Every line below should come back exactly as written, though the pictures stay out.

**RECORDED DATA**
▽
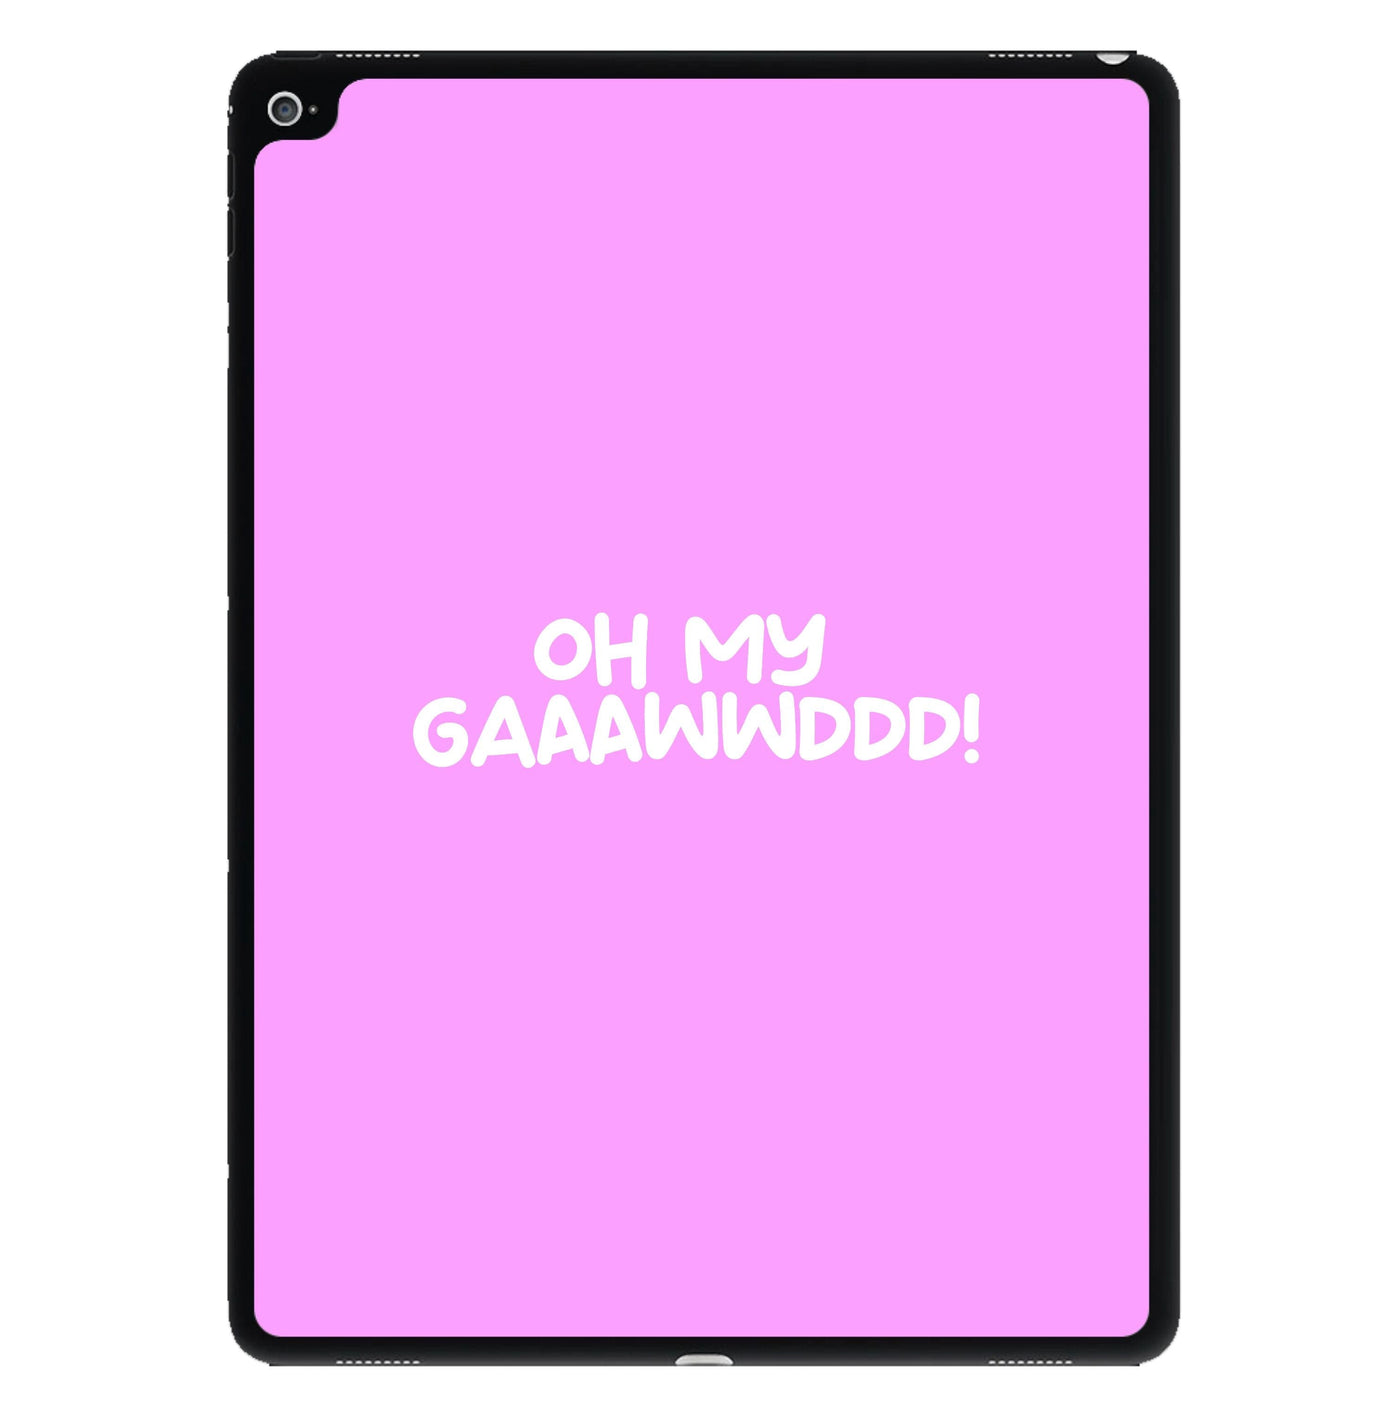 Oh My Gaaawwddd! - Islanders iPad Case
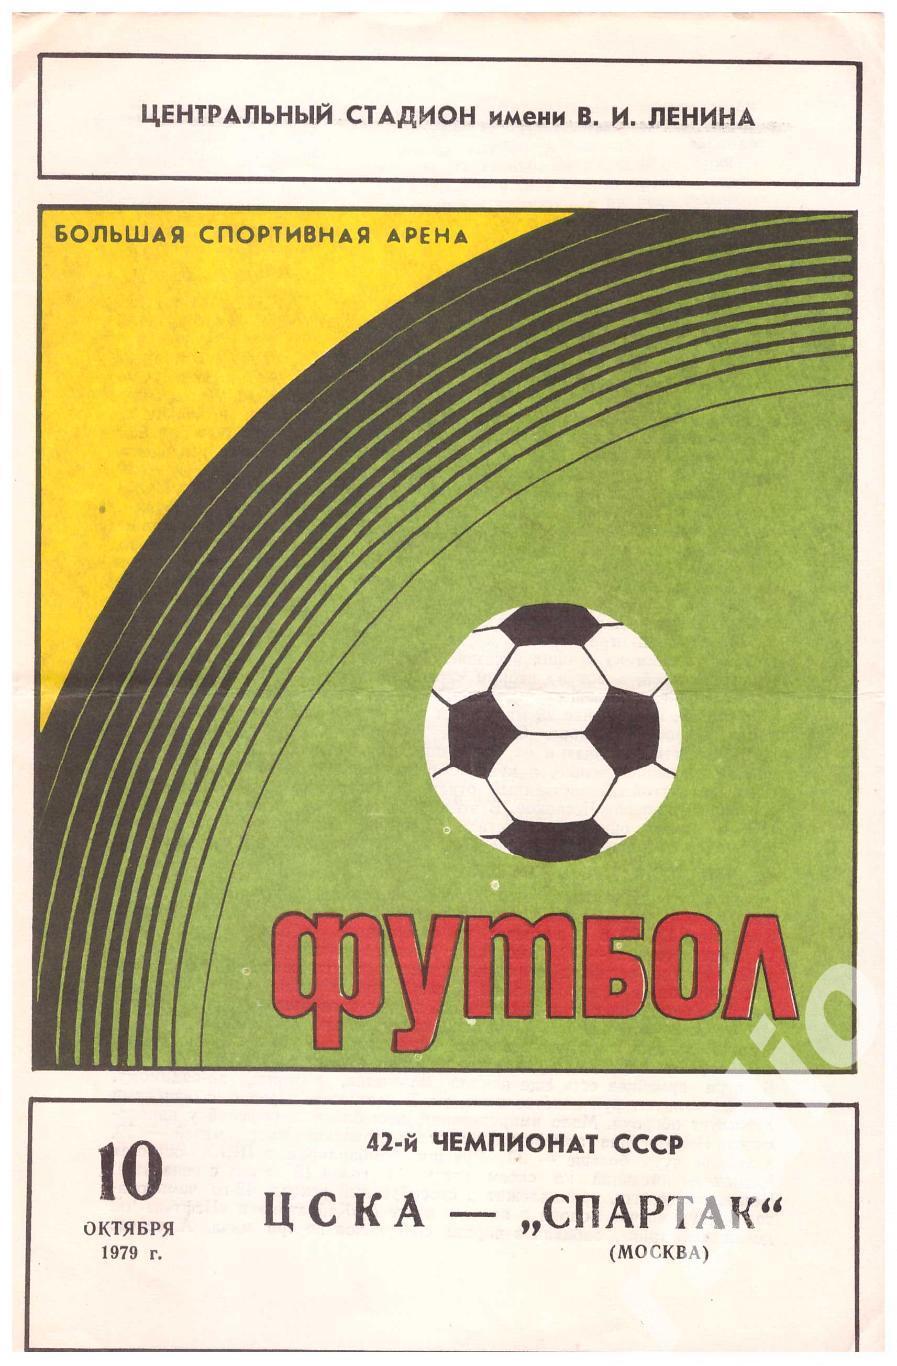 1979 ЦСКА - Спартак Москва
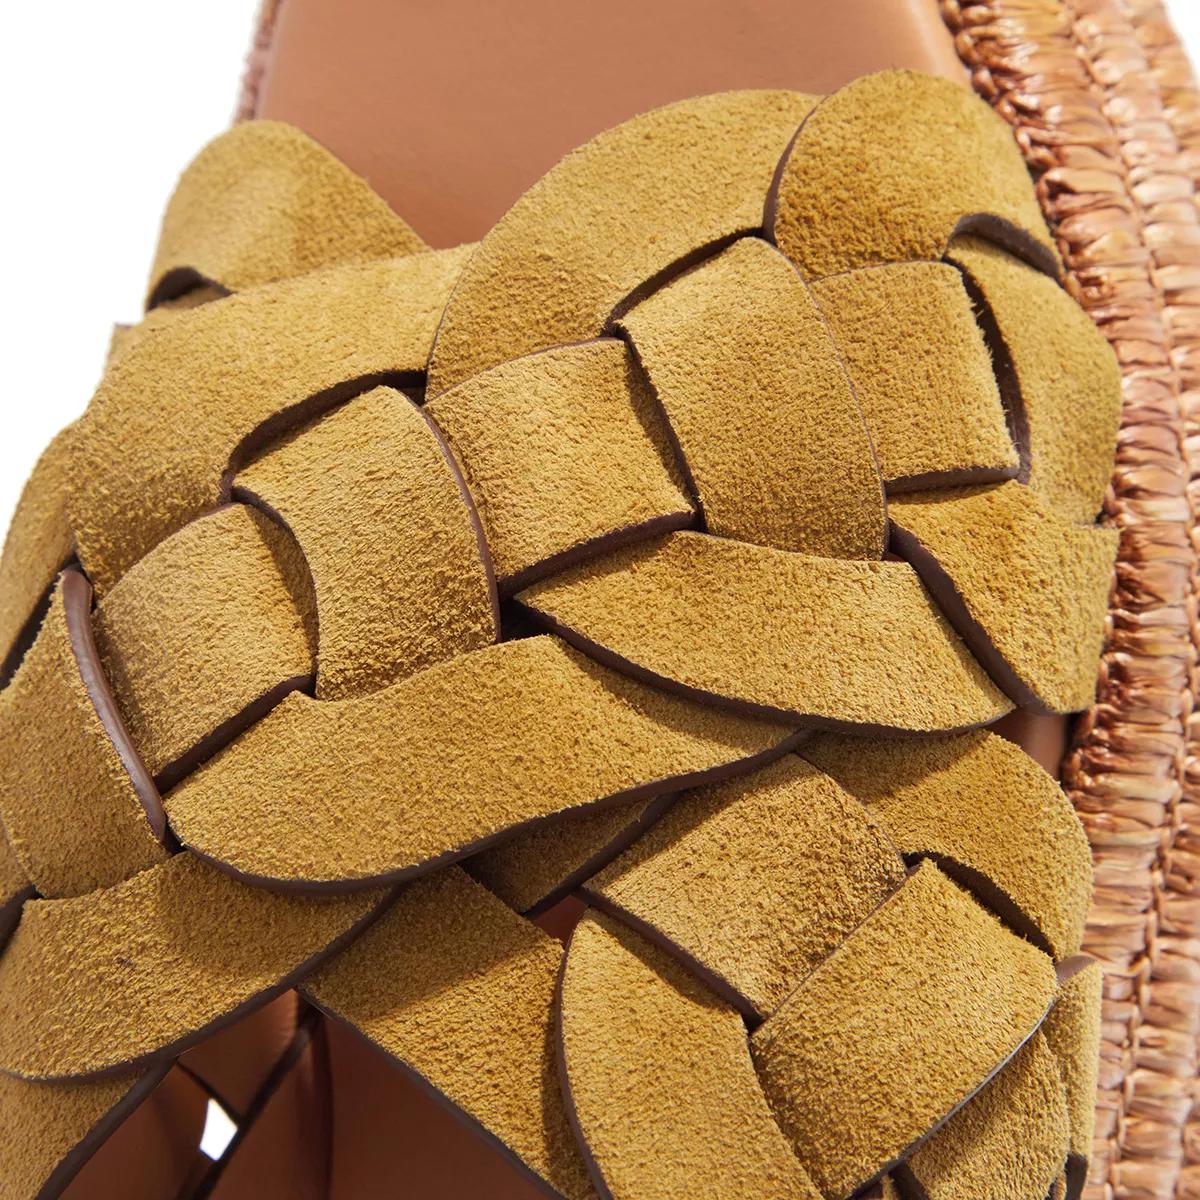 Tod's Loafers & Ballerinas - Loafers Leather - Gr. 37,5 (EU) - in Braun - für Damen von TOD'S
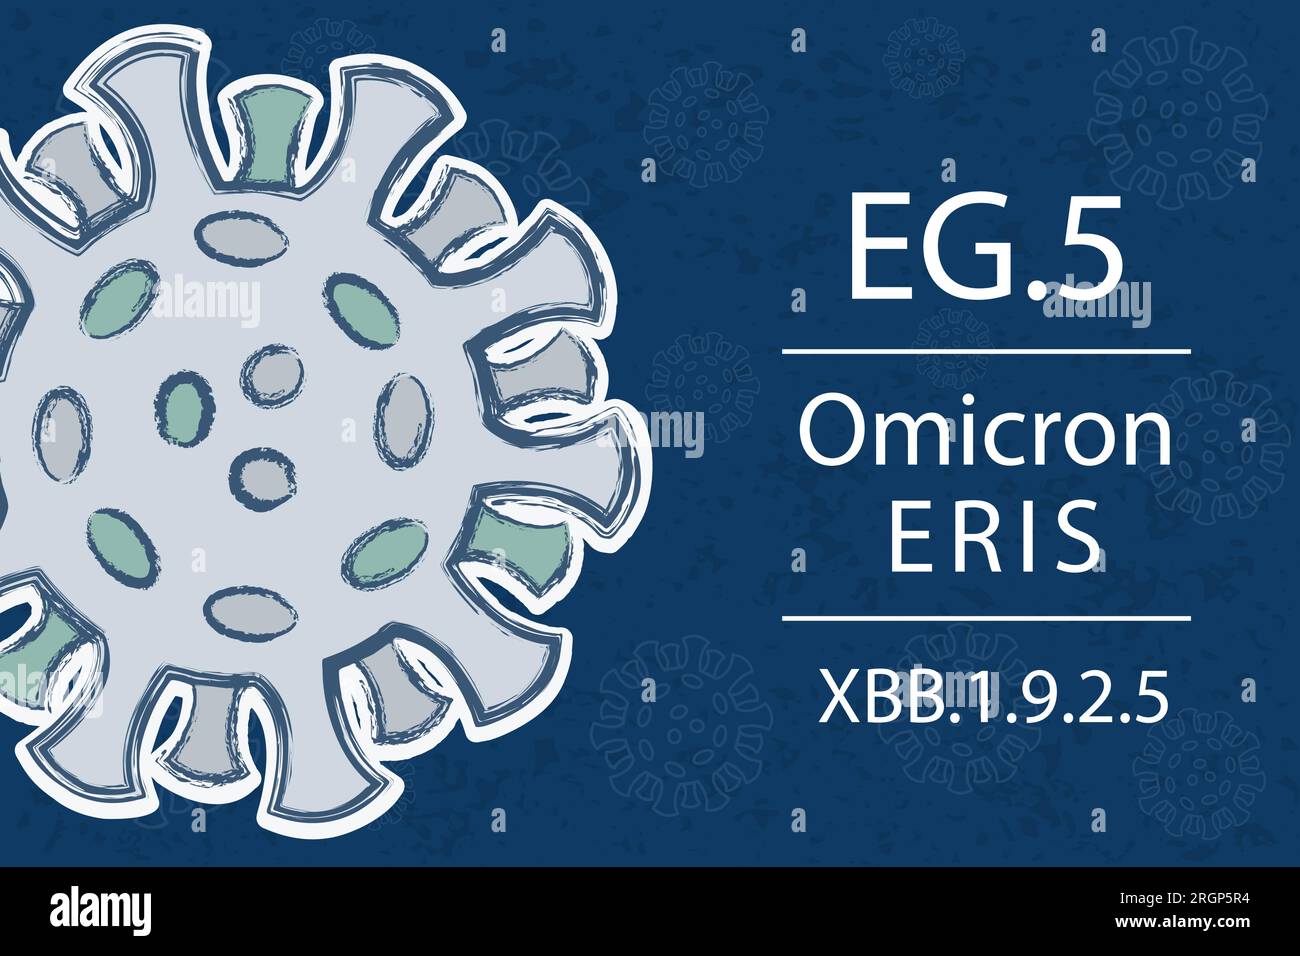 Une nouvelle variante Omicron EG.5 alias XBB.1,9.2,5. Également connu sous le nom d'Eris. Texte blanc sur fond bleu foncé avec image du coronavirus. Illustration de Vecteur
△
**TASK RESULT**
 Oh My Gaaawwddd! - Islanders iPad Case
 1979 ЦСКА - Спартак Москва
 Tod's Loafers & Ballerinas - Loafers Leather - Gr. 37,5 (EU) - in Braun - für Damen von TOD'S
 Une nouvelle variante Omicron EG.5 alias XBB.1,9.2,5. Également connu sous le nom d'Eris. Texte blanc sur fond bleu foncé avec image du coronavirus. Illustration de Vecteur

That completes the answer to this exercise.